**Given data:**
------------------------------------------------------------
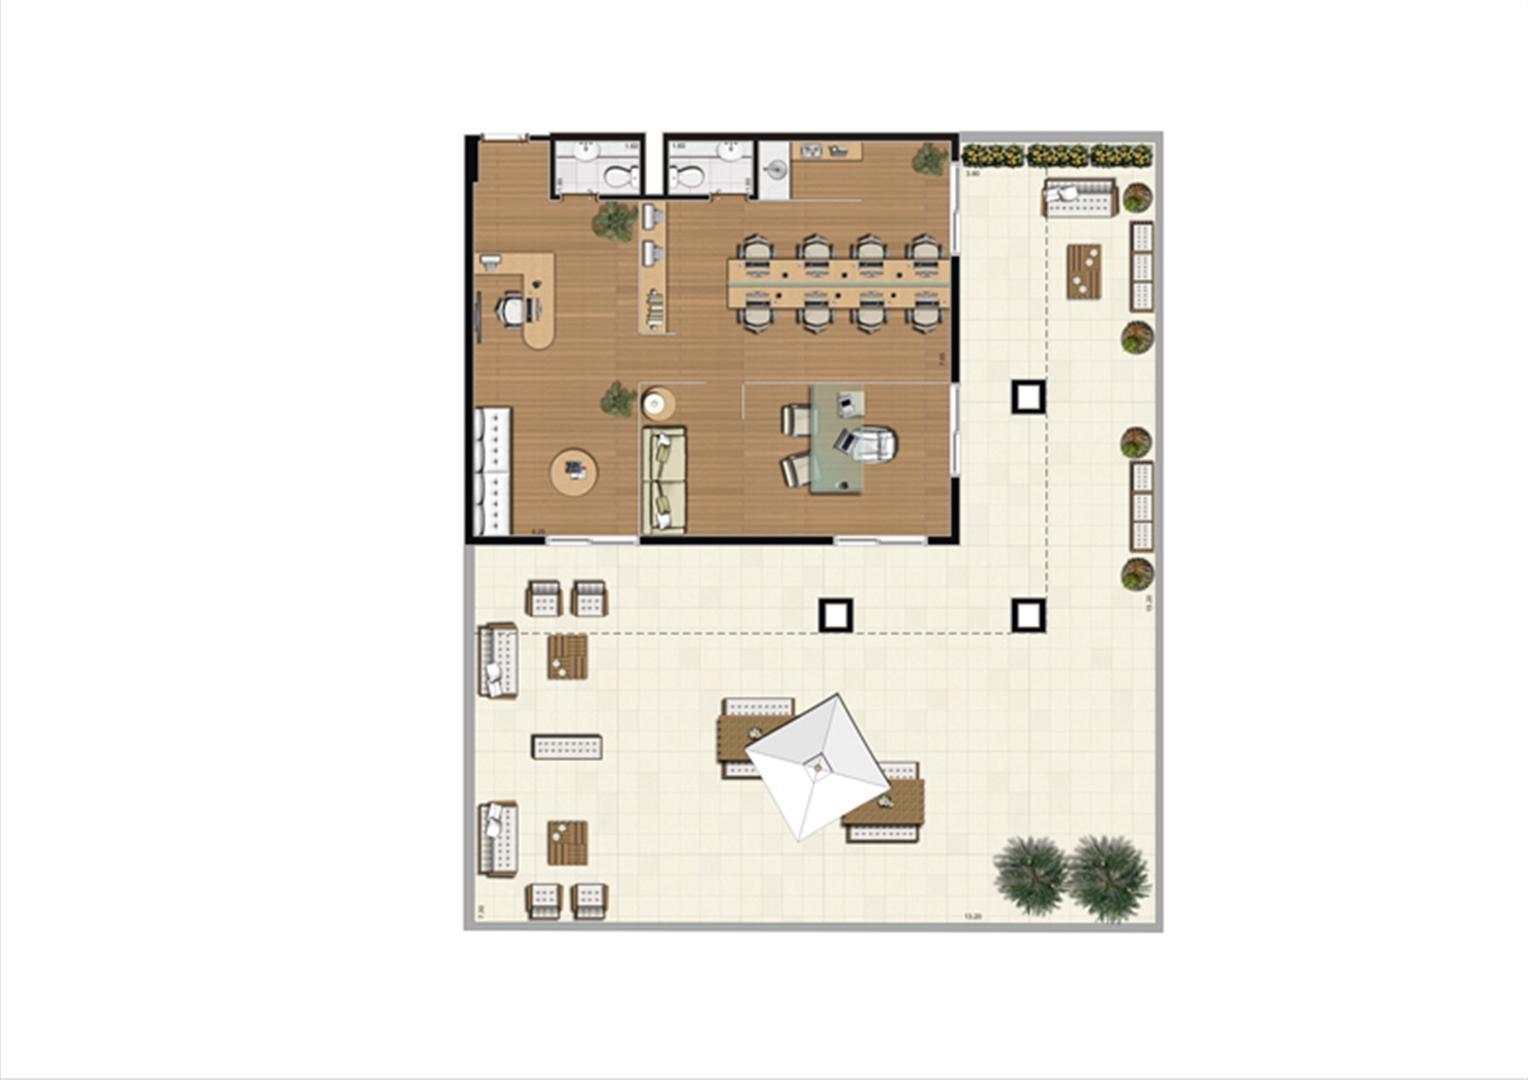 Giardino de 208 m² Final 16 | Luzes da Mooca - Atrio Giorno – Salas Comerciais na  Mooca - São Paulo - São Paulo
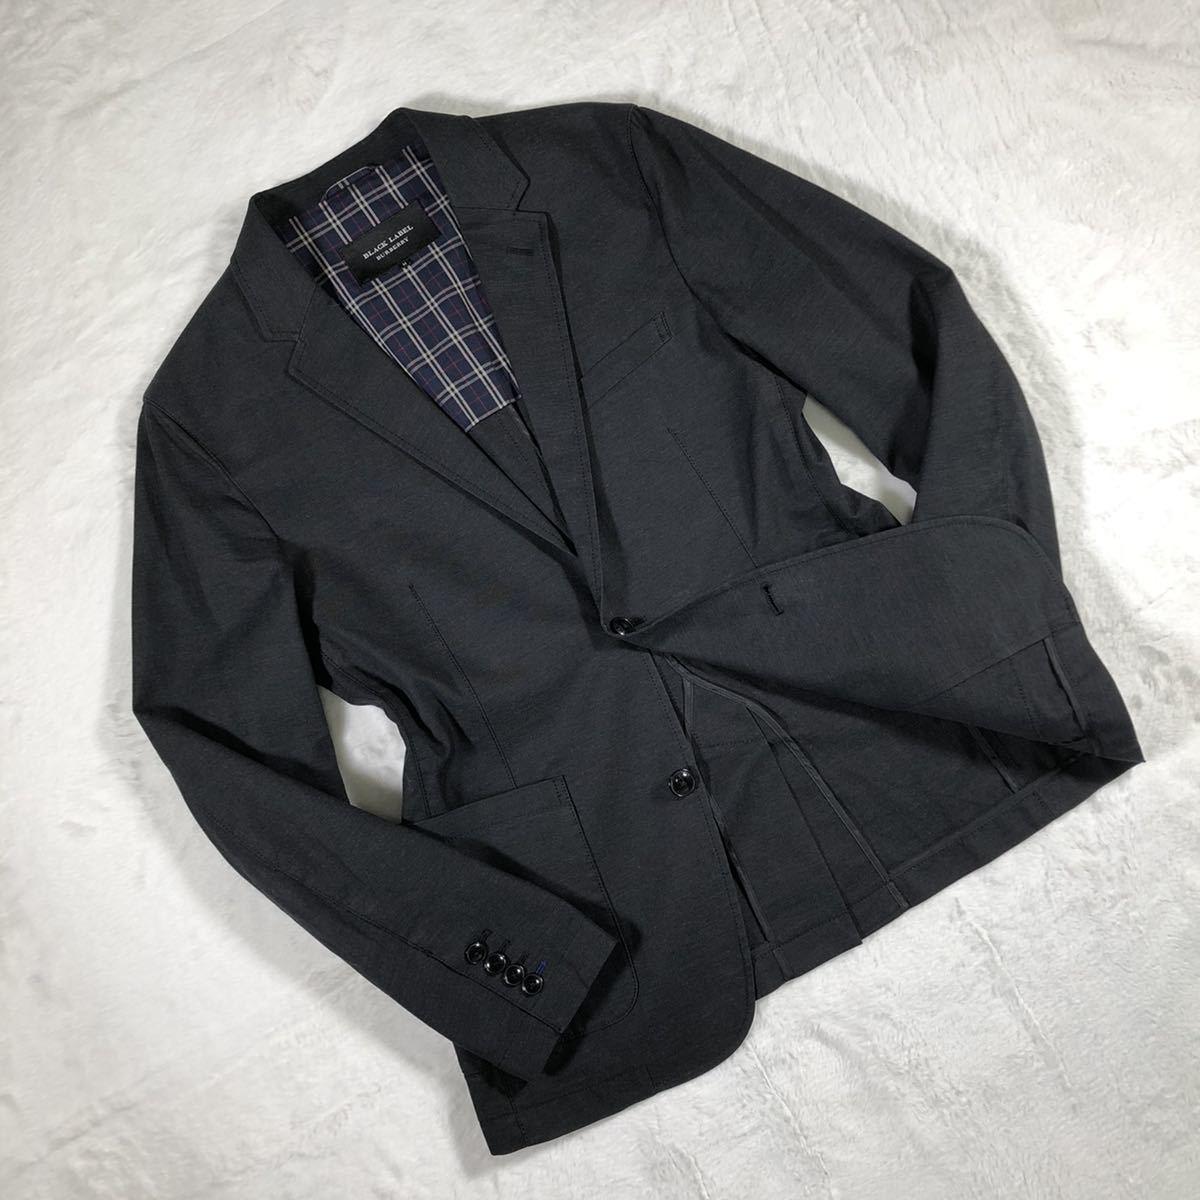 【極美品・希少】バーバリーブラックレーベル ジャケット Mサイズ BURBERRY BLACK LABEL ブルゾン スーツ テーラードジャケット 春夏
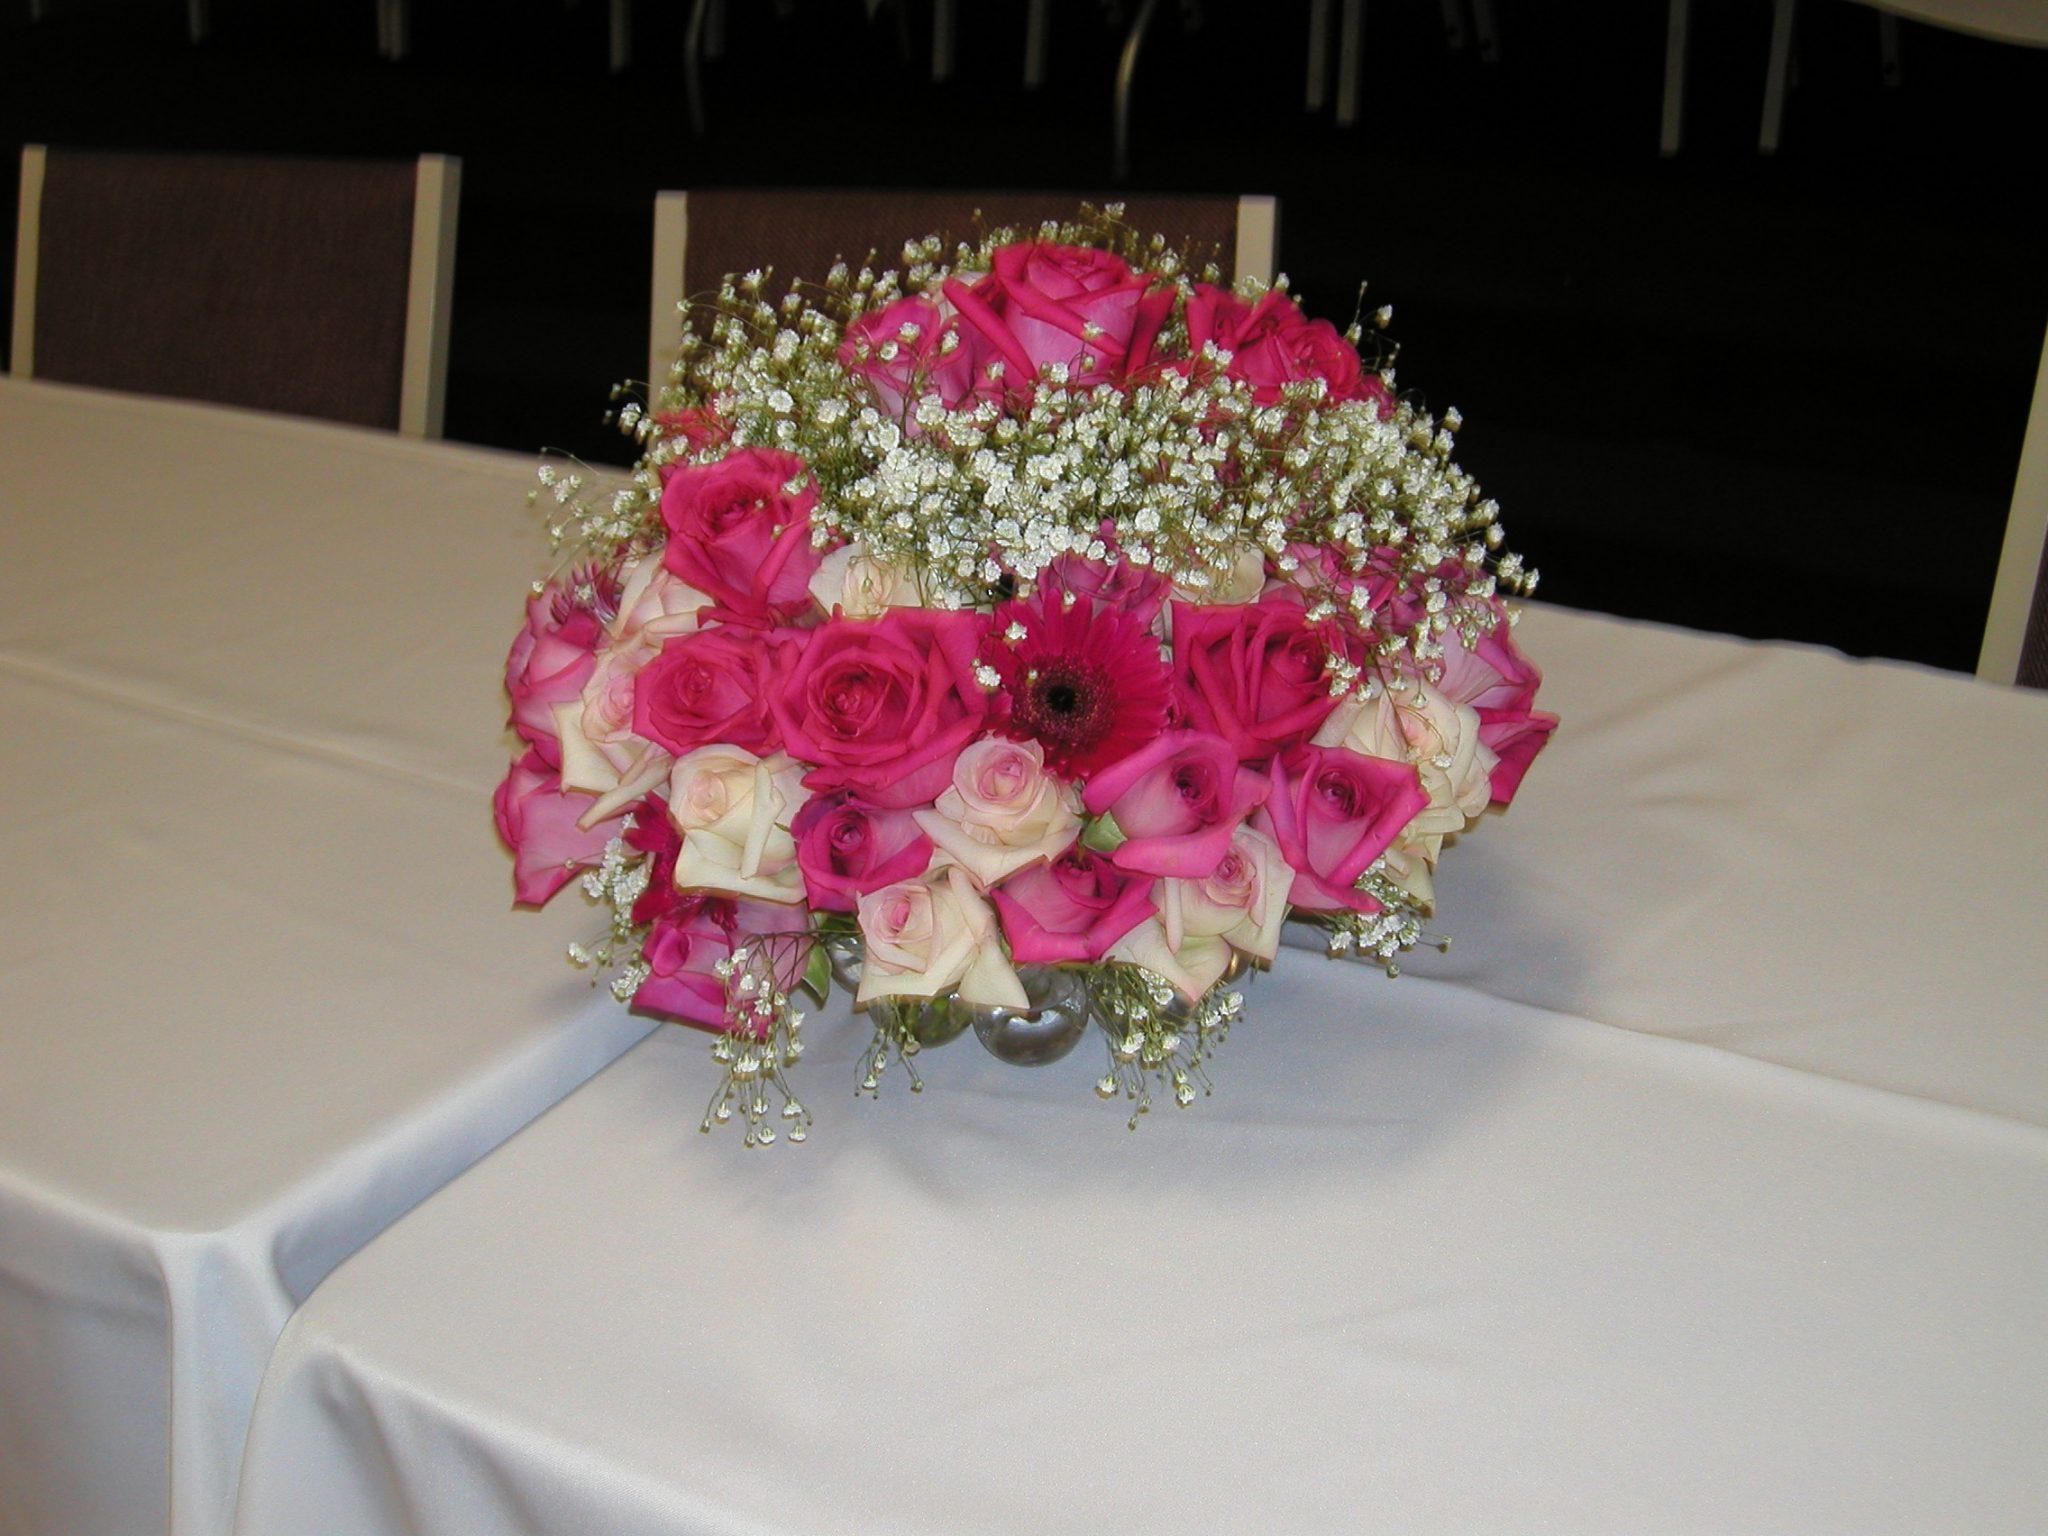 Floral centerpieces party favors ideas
------------------------------------------------------------
**To do:** Transcribe all the lines above exactly, apart from the pictures.

**Exercise response:**
 Giardino de 208 m² Final 16 | Luzes da Mooca - Atrio Giorno – Salas Comerciais na  Mooca - São Paulo - São Paulo
 【極美品・希少】バーバリーブラックレーベル ジャケット Mサイズ BURBERRY BLACK LABEL ブルゾン スーツ テーラードジャケット 春夏
 Floral centerpieces party favors ideas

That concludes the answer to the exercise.